Der Einfallsreichtum und die subversive Kraft sind den Fotografen aus dem Osten auch nach dem Fall des Eisernen Vorhangs geblieben. In der Ehrenhalle des Rathauses wird seit Dienstag eine kleine "Auswahl" an Bildern weitgehend unbekannter Künstler aus der Ukraine gezeigt, die das Amt für internationale Beziehungen und der Fotograf Gerd Dollhopf nach Nürnberg geholt haben. Wie Mikhailov stammen die sechs Fotografen aus Nürnbergs Partnerstadt Charkow.
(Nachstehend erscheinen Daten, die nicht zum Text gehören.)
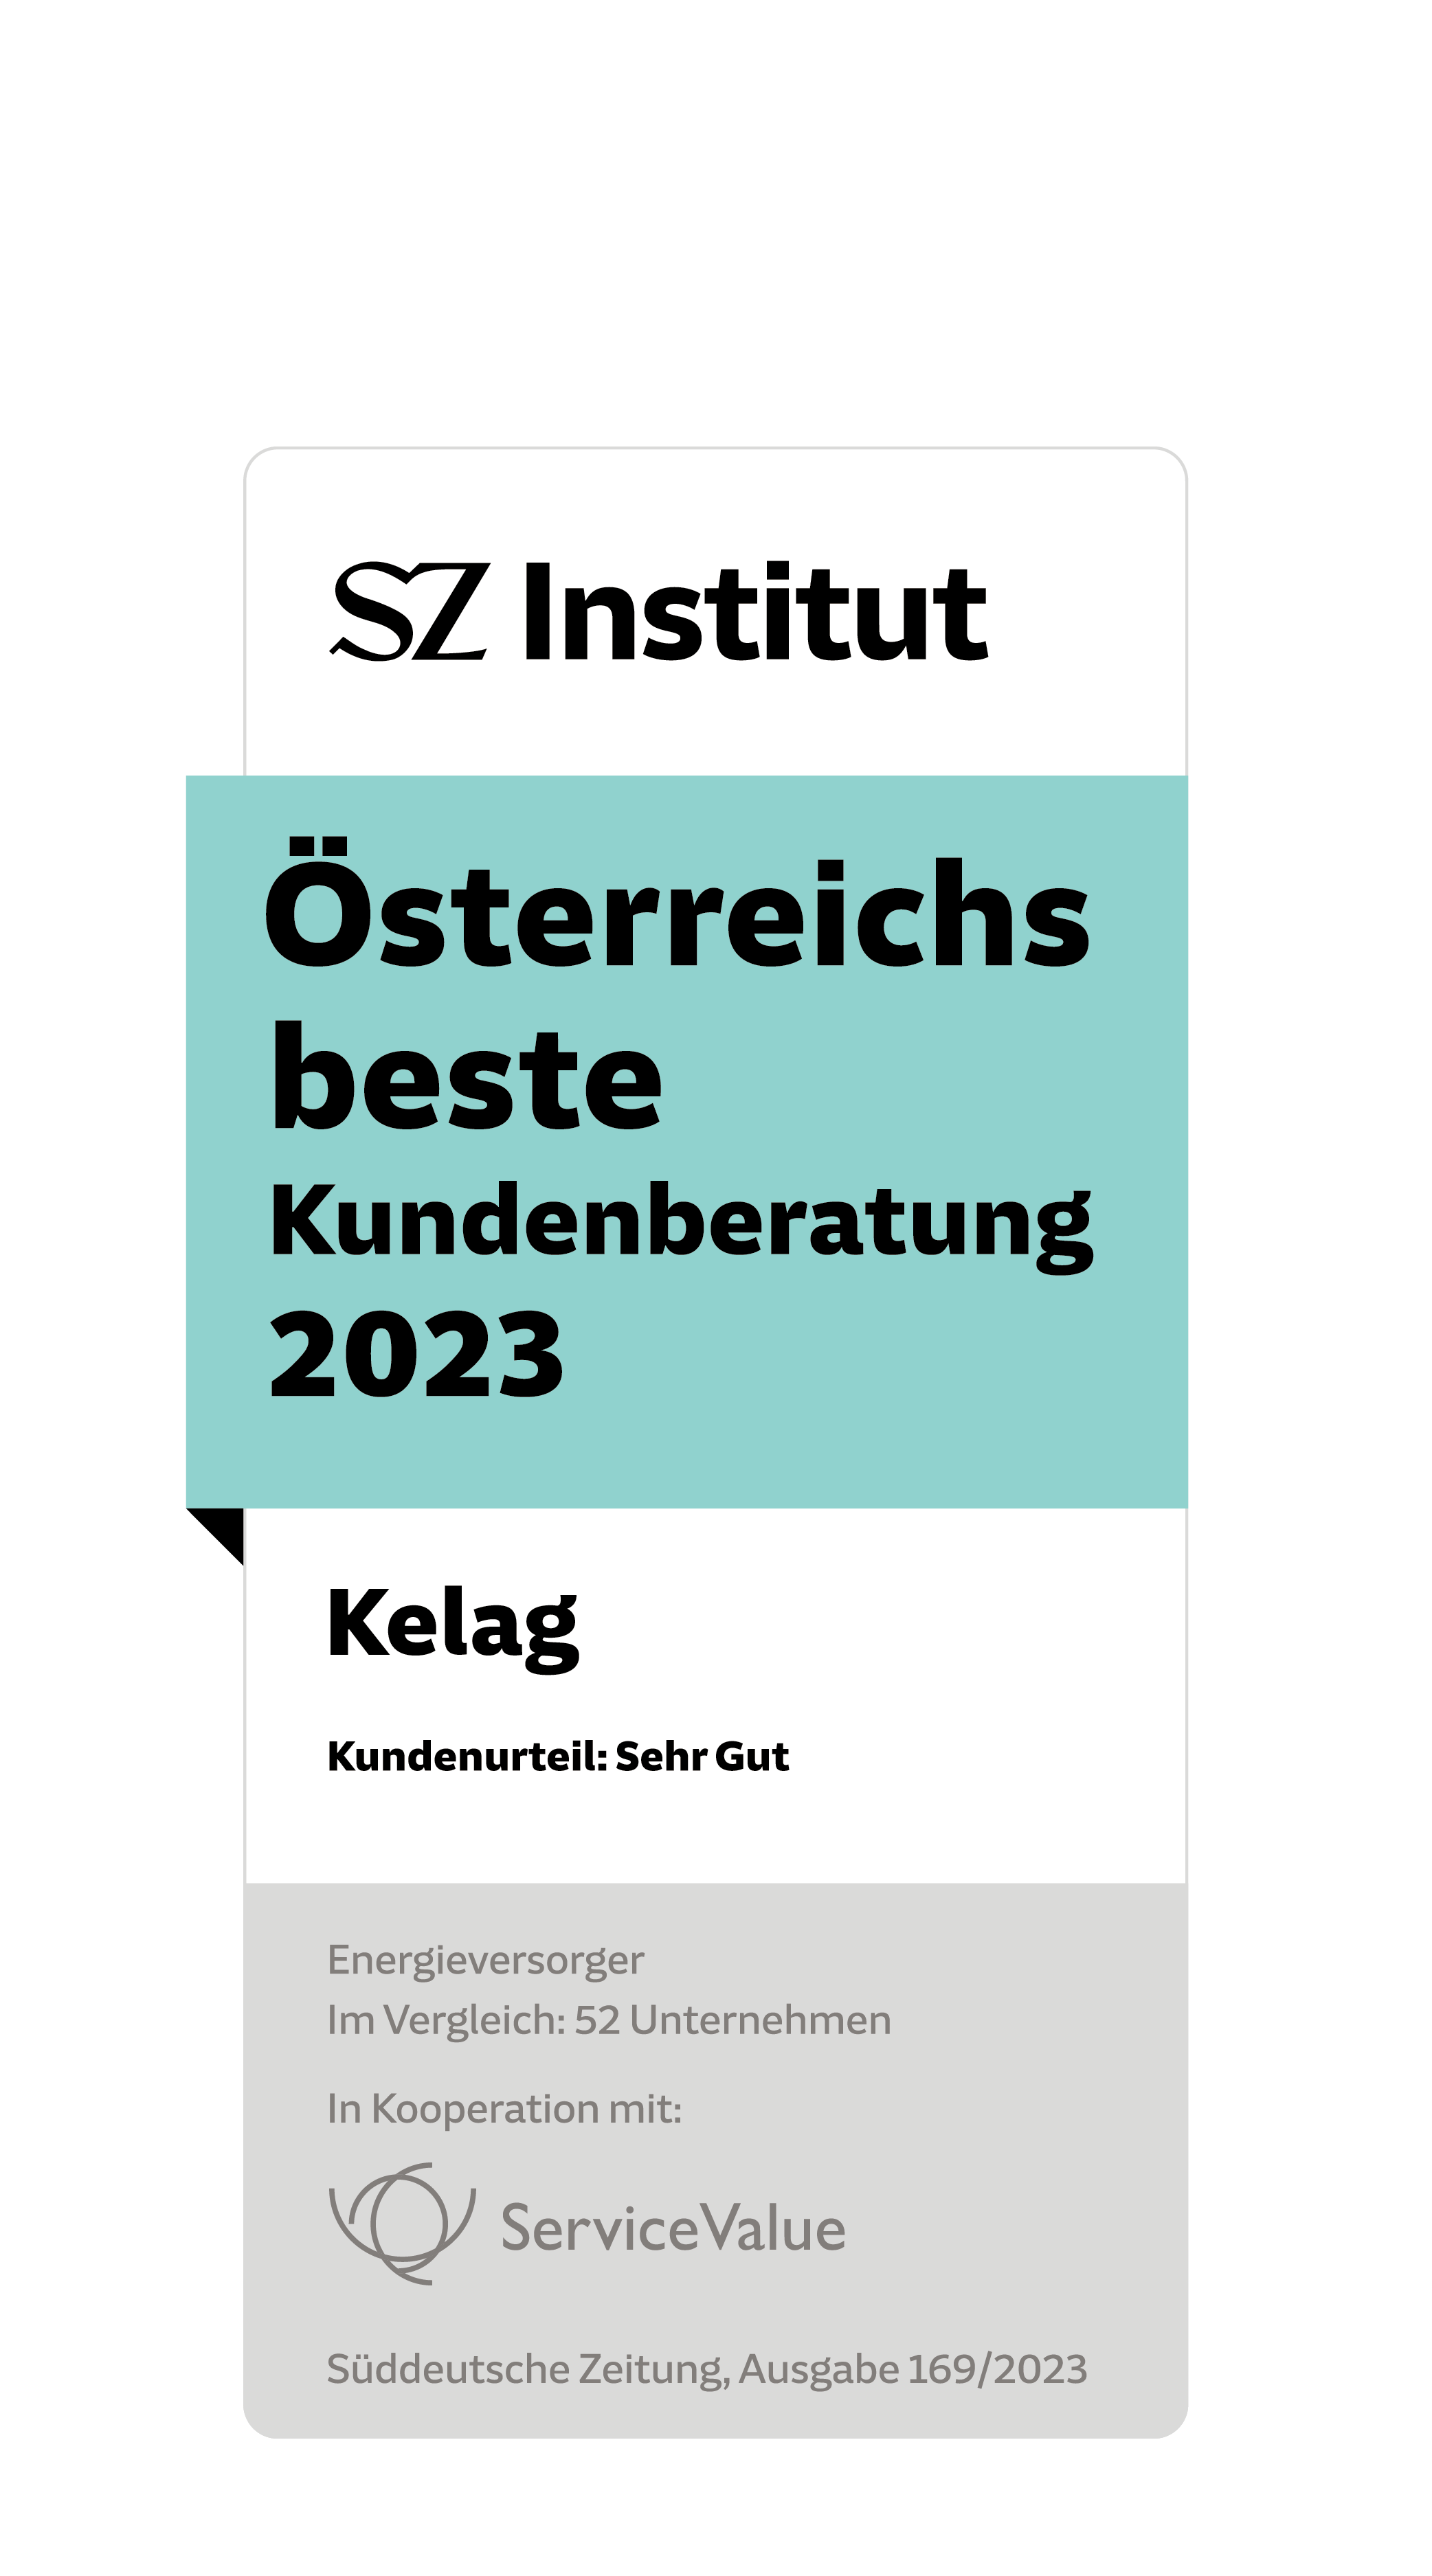 Siegel des SZ Instituts für österreichs beste Kundenberatung im Jahr 2023
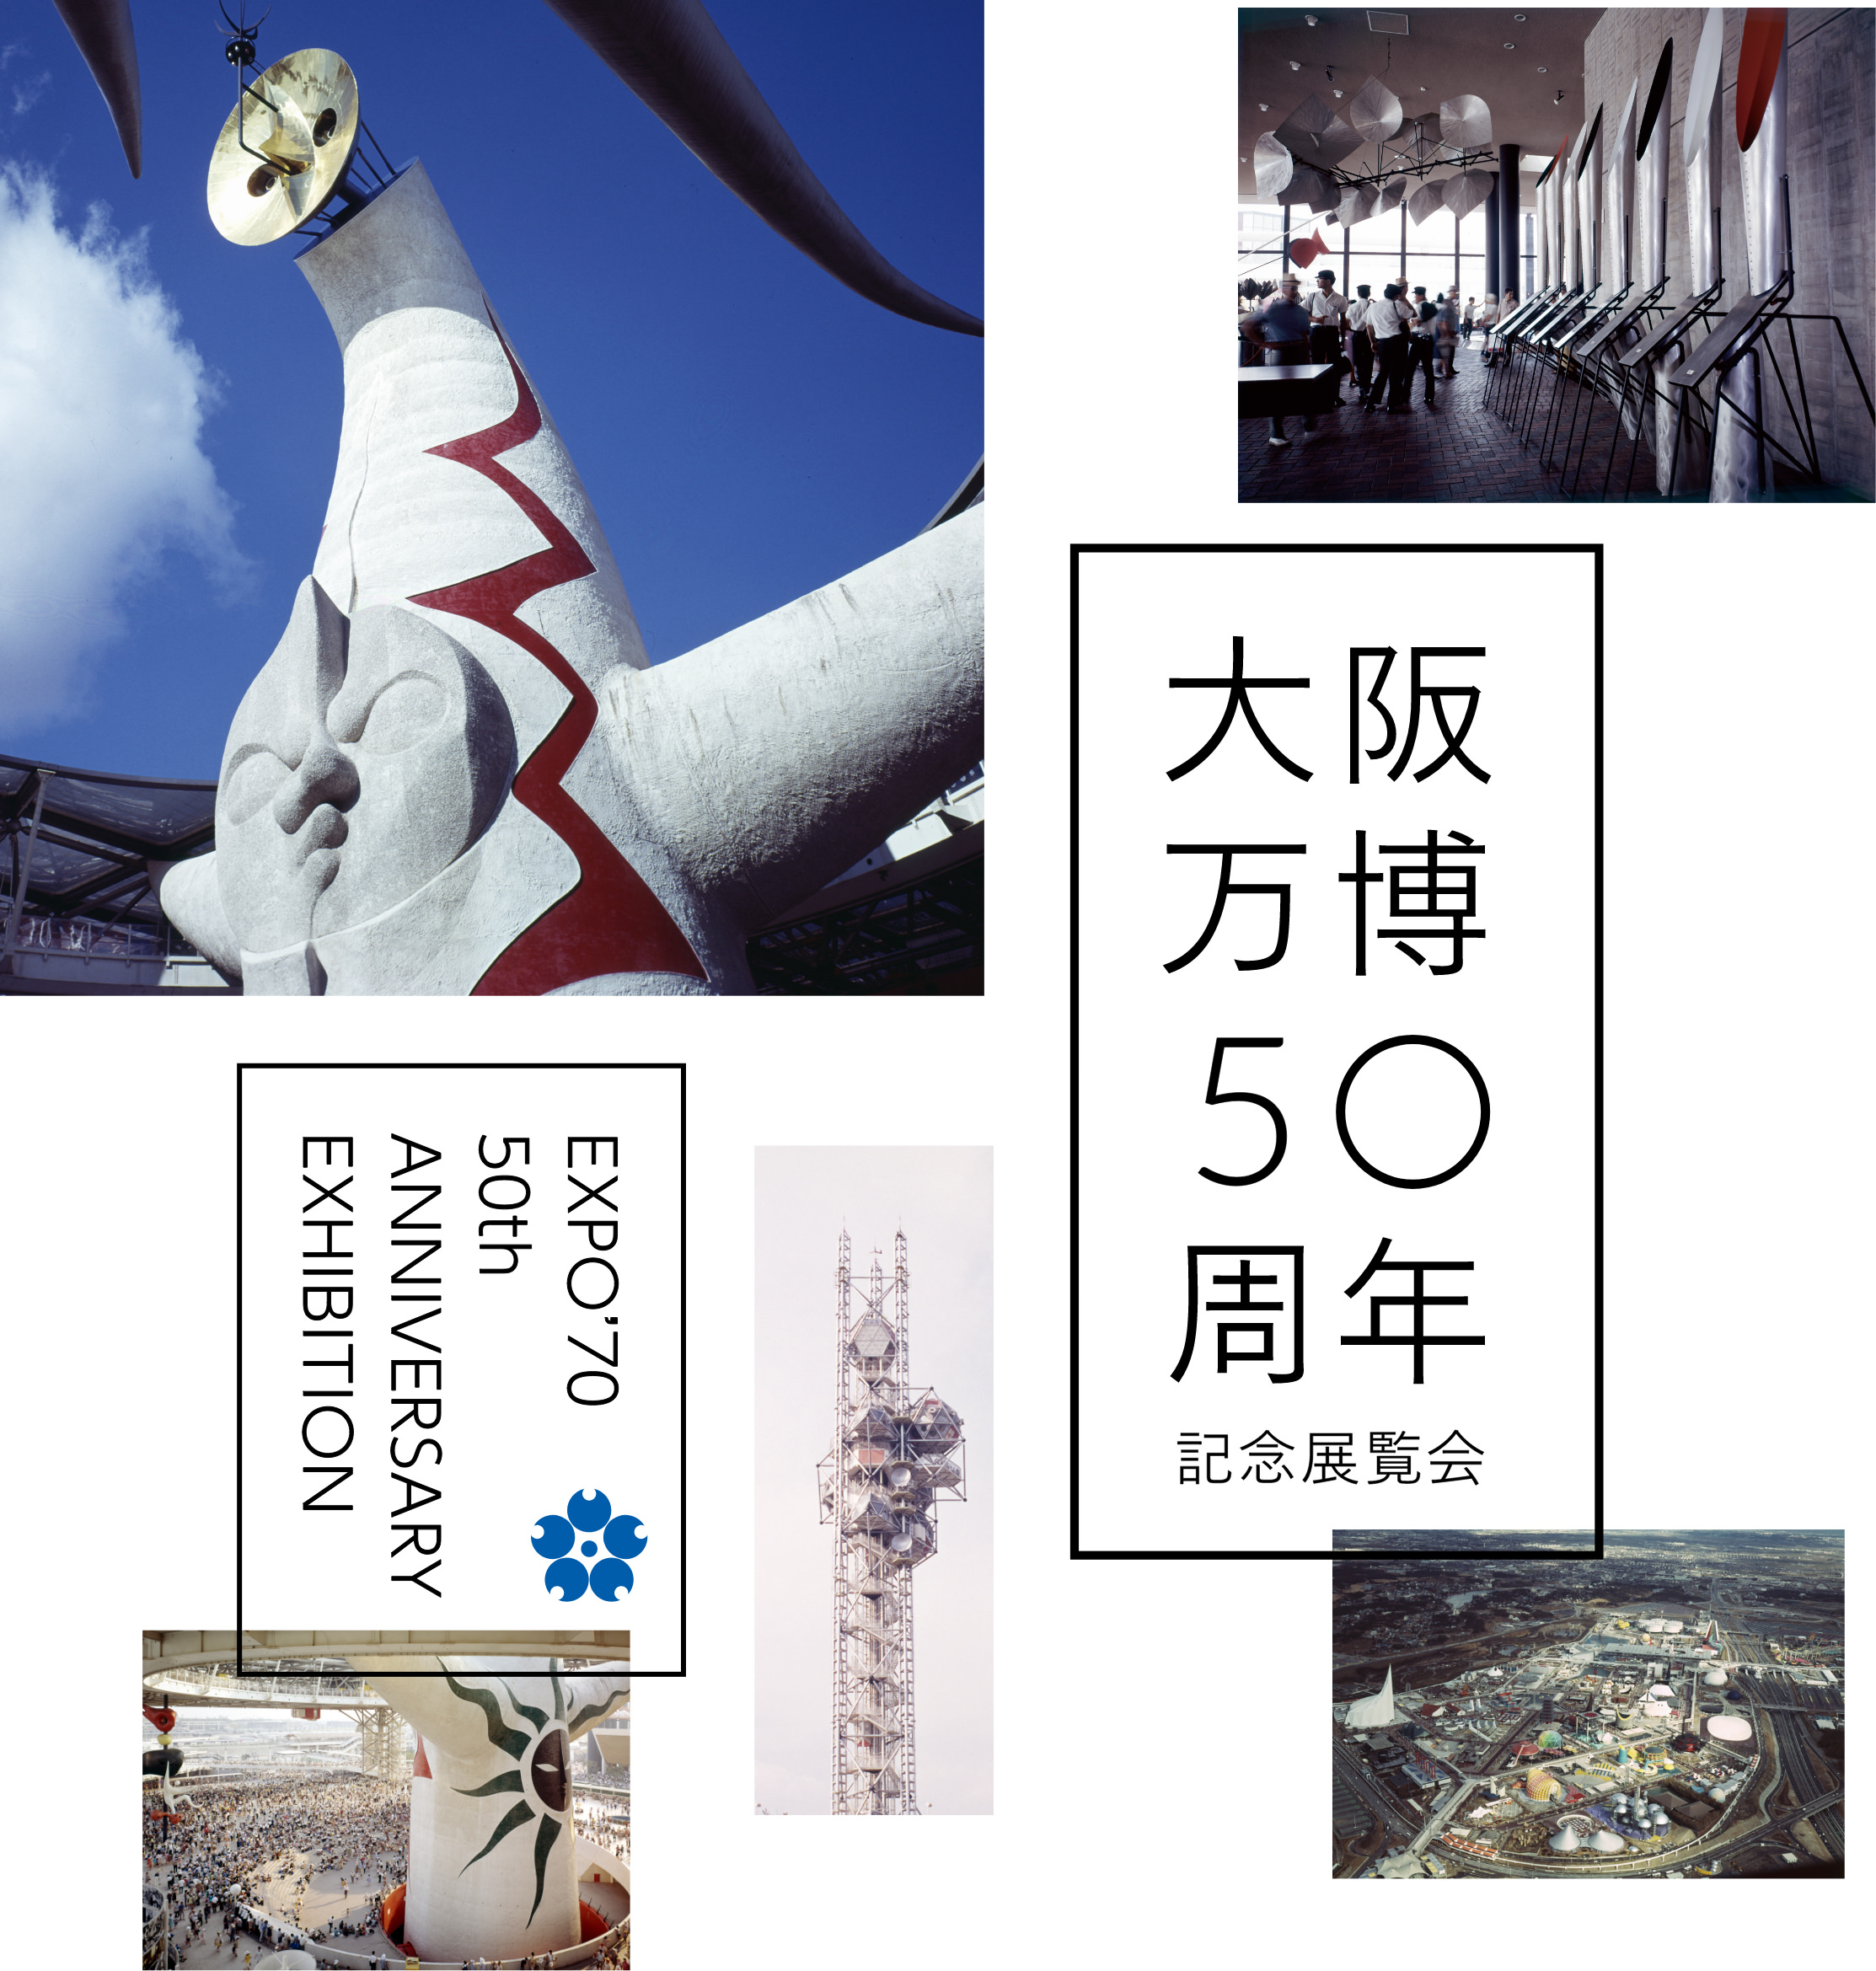 され の 万博 は 展示 で 大阪 た 1970年の大阪万博を振り返る「人類の進歩と調和」に寄せられた数々の展示も紹介

Anknüpfend an die Untergrundfotografen stehen bei den ausstellenden Fotografen Sozialdokumentarisches und die Lust am fotografischen Experiment im Vordergrund.

Alexander Maslows Bilder aus der Serie "Märchenland" zeigen die Ukraine als ein Land, das hin- und hergerissen ist zwischen Coca-Cola und Stalin. Ganz anders Oleksandr Supruns, der mit selbstgebastelten Kameras und Objektiven große farbige Bildtableaus schafft. Sie sehen aus, als wären sie im Fiebertraum gemalt worden.

Ganz eigenwillige Einblicke in den Alltag gewährt Andriy Avdeyenko, der einen ukrainischen Kindergarten-Elternabend im Bild festgehalten hat. Welch hohe technische Qualität die Fotografie im Osten seit je hatte, das belegen Igor Chursins klassische Artistenportraits.